### Data extract
....................

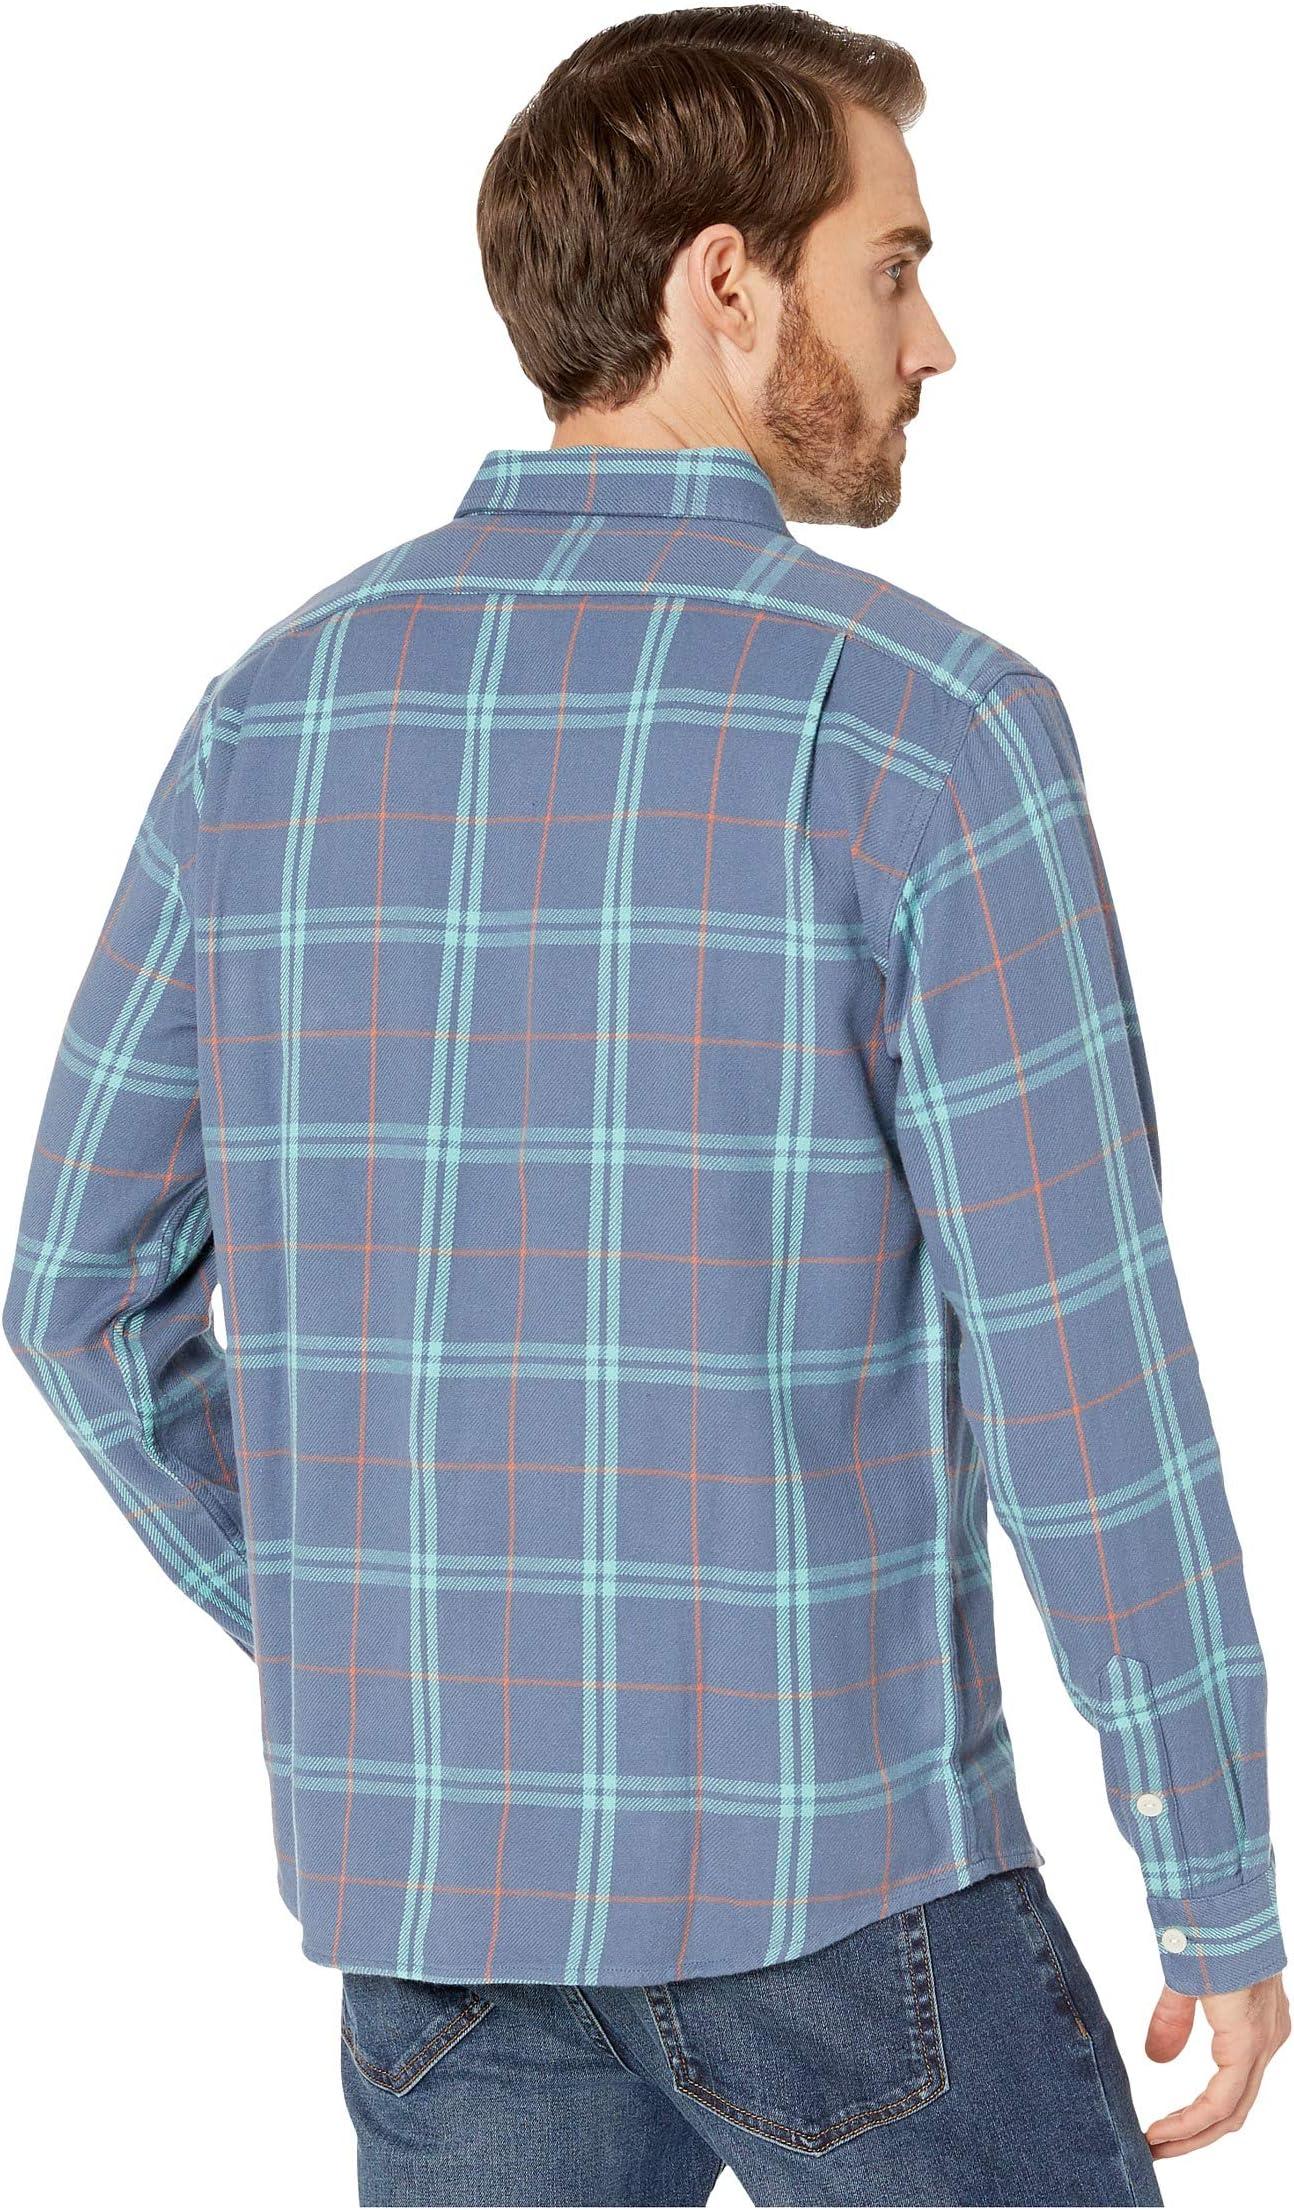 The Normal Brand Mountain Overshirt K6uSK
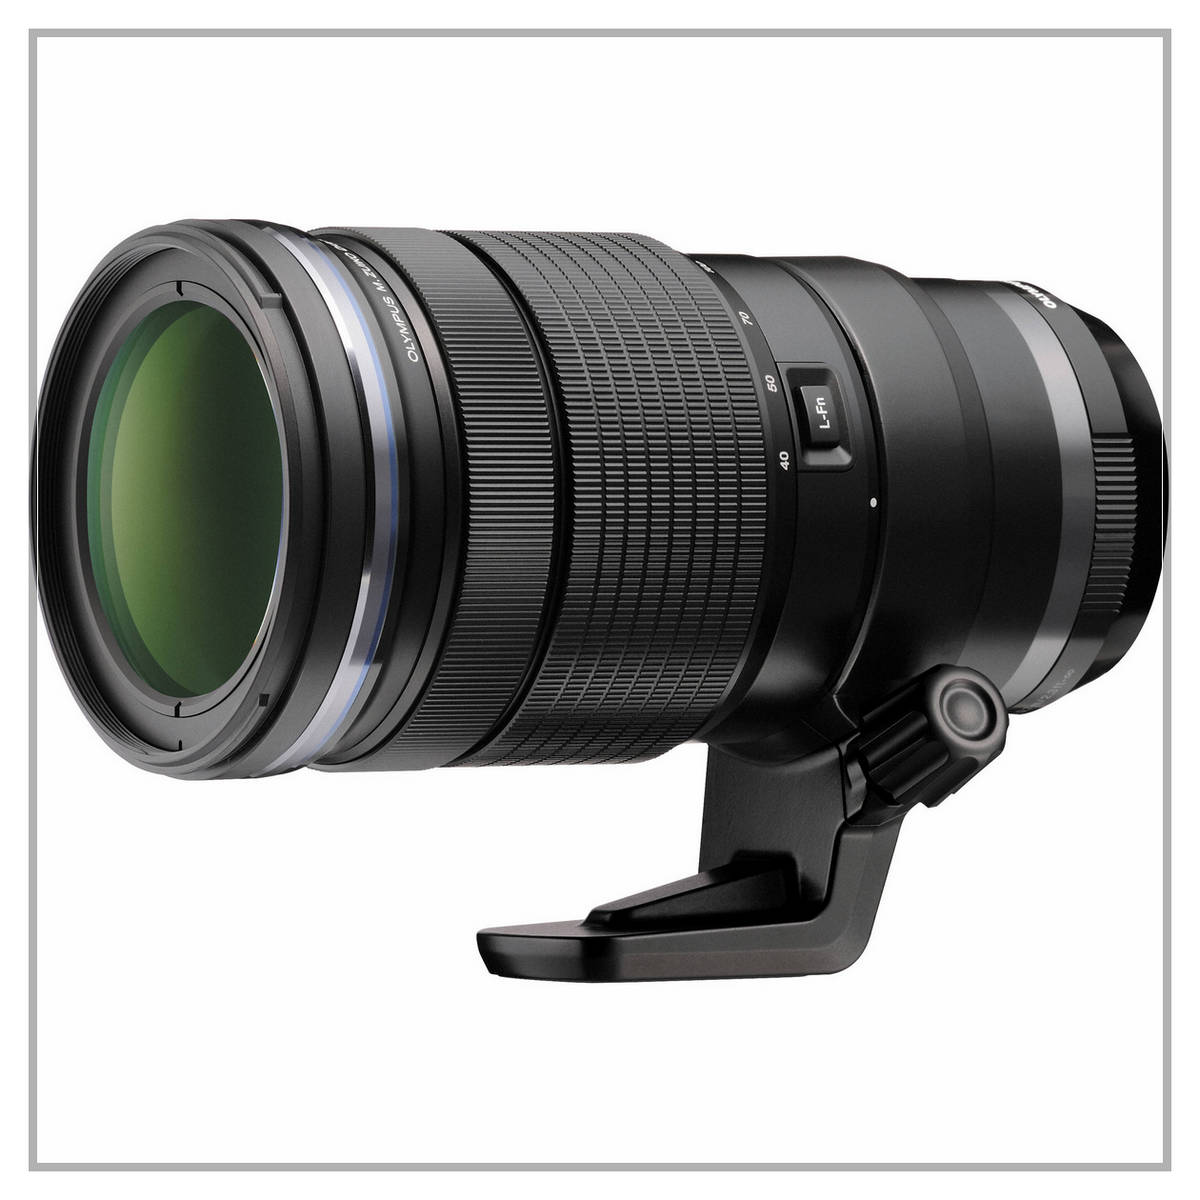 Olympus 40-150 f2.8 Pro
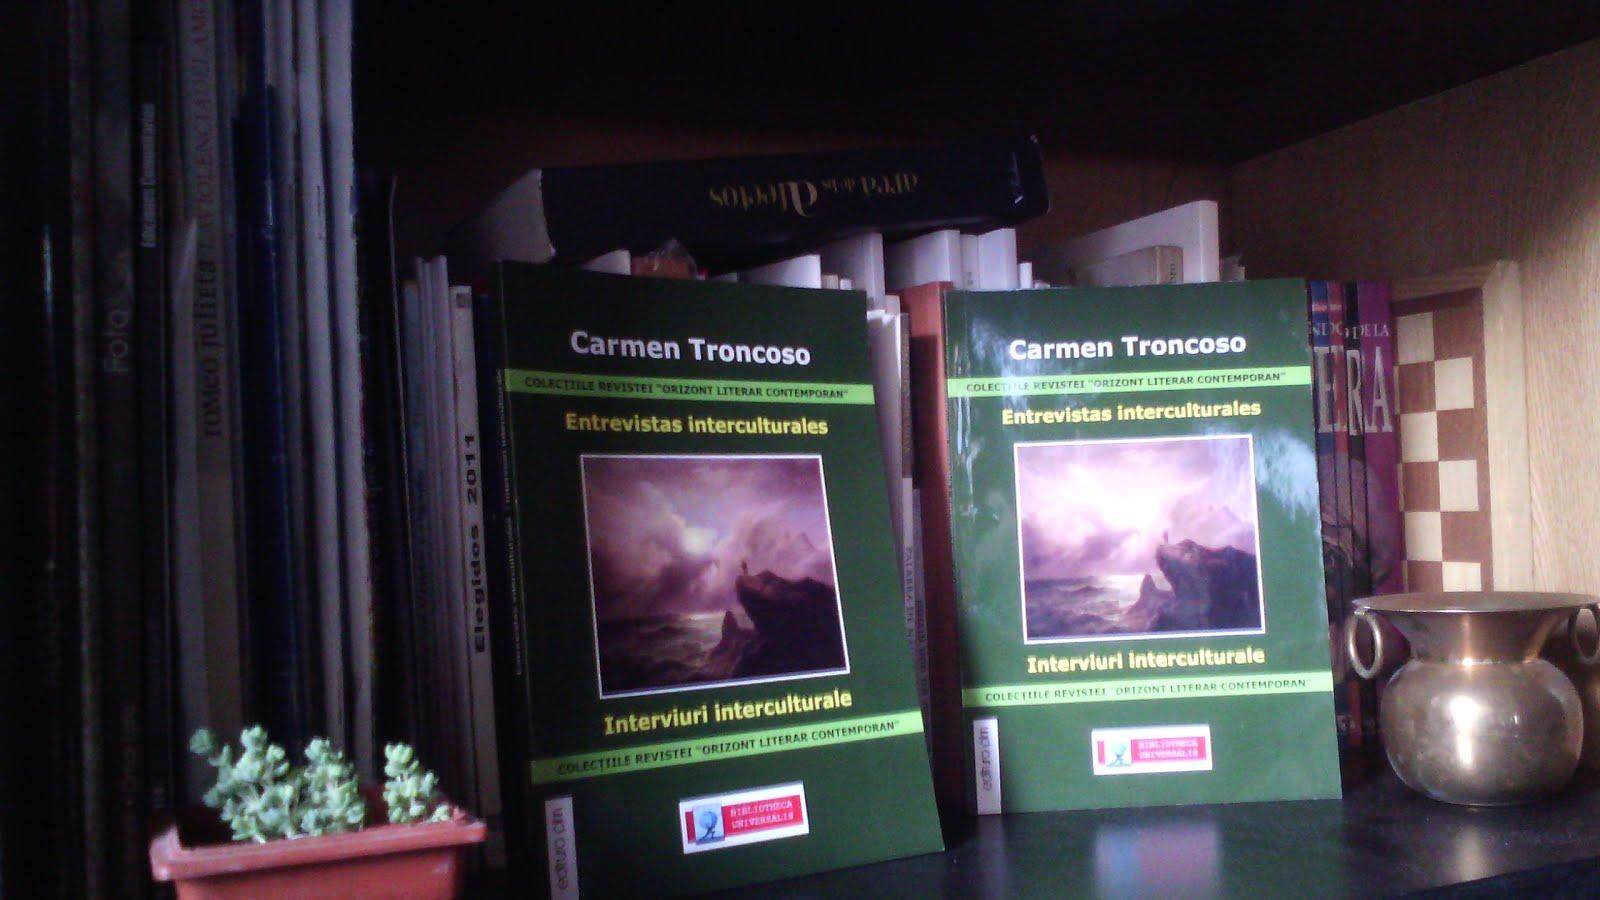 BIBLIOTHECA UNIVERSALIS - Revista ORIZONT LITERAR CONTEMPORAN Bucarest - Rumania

....................

### Instructions for the task
Retype exactly the lines above, starting at the line containing "Olympus 40-150 f2.8 Pro" and ending with the last line, both included; leave out the pictures.

### Task response
 Olympus 40-150 f2.8 Pro
 BIBLIOTHECA UNIVERSALIS - Revista ORIZONT LITERAR CONTEMPORAN Bucarest - Rumania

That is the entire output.